Question

Considering the following reaction: $CO(g) + 2{H_2}(g) \to C{H_3}OH(g)$ Suppose that the initial concentrations of the reactants are $[CO] = 0.500M$ and $[{H_2}] = 1.00M$ . Assuming that there is no product at the beginning of the reaction and that at equilibrium $[CO] = 0.15M$ , what is the equilibrium constant at this new temperature?

Answer 1

Hint: For solving this question, we have to first write the balanced chemical equation with an ICE table. ICE tables help us to find equilibrium concentrations of unknown compounds.

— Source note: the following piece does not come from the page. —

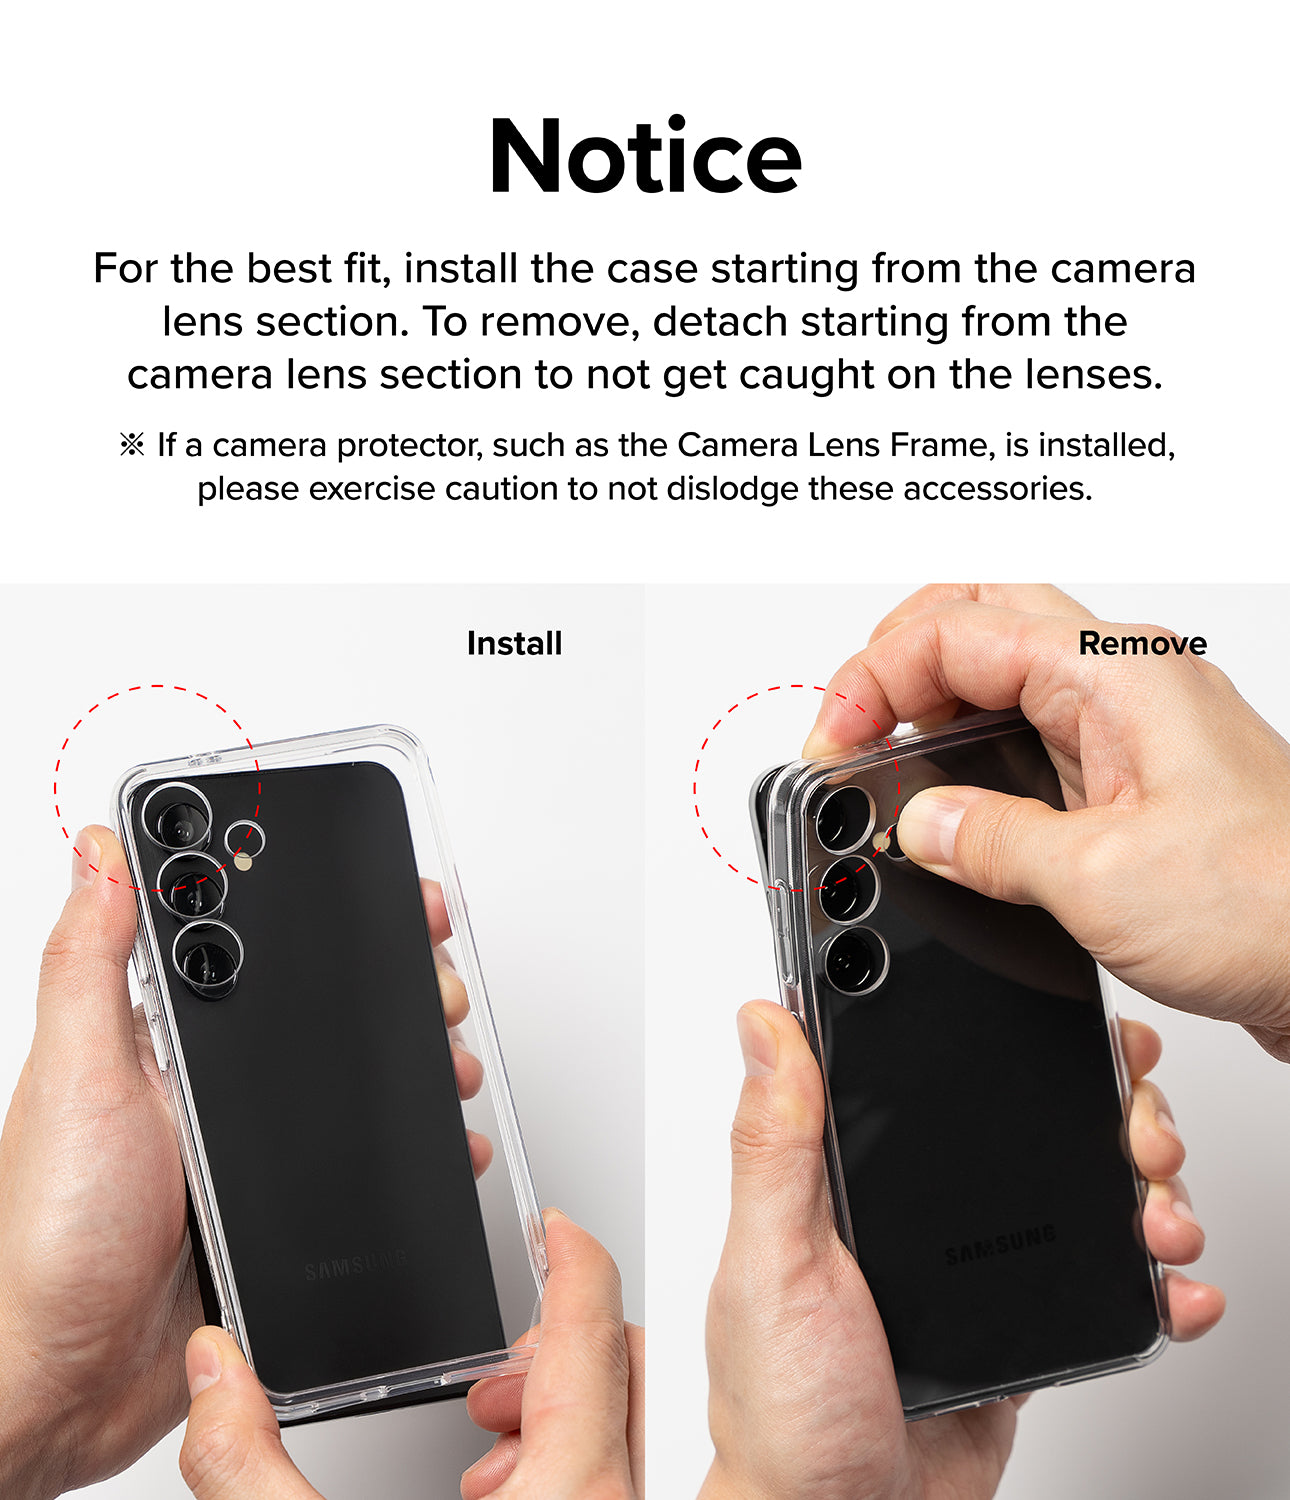 Galaxy S24 Ultra Case | Fusion Design - Seoul - Notice. For the best fit, install the case starting from the camera lens section. To remove, detach starting from the camera lens section to not get caught on the lenses.

After finding the value, we will substitute this value in the formula of equilibrium. Hence we get the final answer.
Formula used:
${K_C} = \dfrac{{{{[C]}^c} \times {{[D]}^d} \times ....}}{{{{[A]}^a} \times {{[B]}^b} \times .....}}$
$for\;a{A_{(aq)}} + b{B_{(aq)}} + .... \rightleftharpoons c{C_{(aq)}} + d{D_{(aq)}} + ....$
Where, ${K_c}$ = equilibrium constant
$A,B,....$ = reactants
$C,D,....$ = products
$[A]$ = equilibrium concentration of $A$ in moles
$a$ = number of moles of $A$

Complete answer:
First of all we have to write a balanced chemical equation with the ICE table. The ICE table which is known as the Initial, Change, Equilibrium table, is used to simplify the calculations in reversible equilibrium reactions, e.g. weak acids and weak bases or complex ion formation.
The balanced chemical equation is:
$CO(g) + 2{H_2}(g) \rightleftharpoons C{H_3}OH(g)$
And the ICE table is:

	$[CO]$	$[{H_2}]$	$[C{H_3}OH]$
Initial	$0.500$	$1.00$	$0$
Change	$ - x$	$ - 2x$	$ + x$
Equilibrium	$0.500 - x$	$0.100 - 2x$	$x$

So, at the equilibrium $[CO]$ = $0.15mol{L^{ - 1}}$
$ \Rightarrow 0.15mol{L^{ - 1}} = (0.500 - x)mol{L^{ - 1}}$
So, $x = 0.500 - 0.15$
$ \Rightarrow x = 0.35$
Then by substituting the value of $x$ in the $[{H_2}]$ , we will get:
$[{H_2}]$=$(0.100 - 2x)mol{L^{ - 1}}$
$ \Rightarrow (0.100 - 2 \times 0.35)mol{L^{ - 1}}$
$ = 0.30mol{L^{ - 1}}$
Now similar by substituting the value of $x$ in the $[C{H_3}OH]$ , we will get the value which is equal to:
$[C{H_3}OH]$= $x\;mol{L^{ - 1}}$
$ \Rightarrow 0.35mol{L^{ - 1}}$ .
After getting all the values, substitute them in the given formula of equilibrium constant, we get:
$\Rightarrow {K_c} = \dfrac{{[C{H_3}OH]}}{{[CO]{{[{H_2}]}^2}}}$
$ \Rightarrow \dfrac{{0.35}}{{0.15 \times {{(0.30)}^2}}}$
$ = 26$
So, the equilibrium constant at the new temperature is $26$ .

Note:
We should remember that the only thing which changes equilibrium is a change of temperature. It is independent of the actual quantities of reactants and products. The position of equilibrium is not changed by changing a catalyst.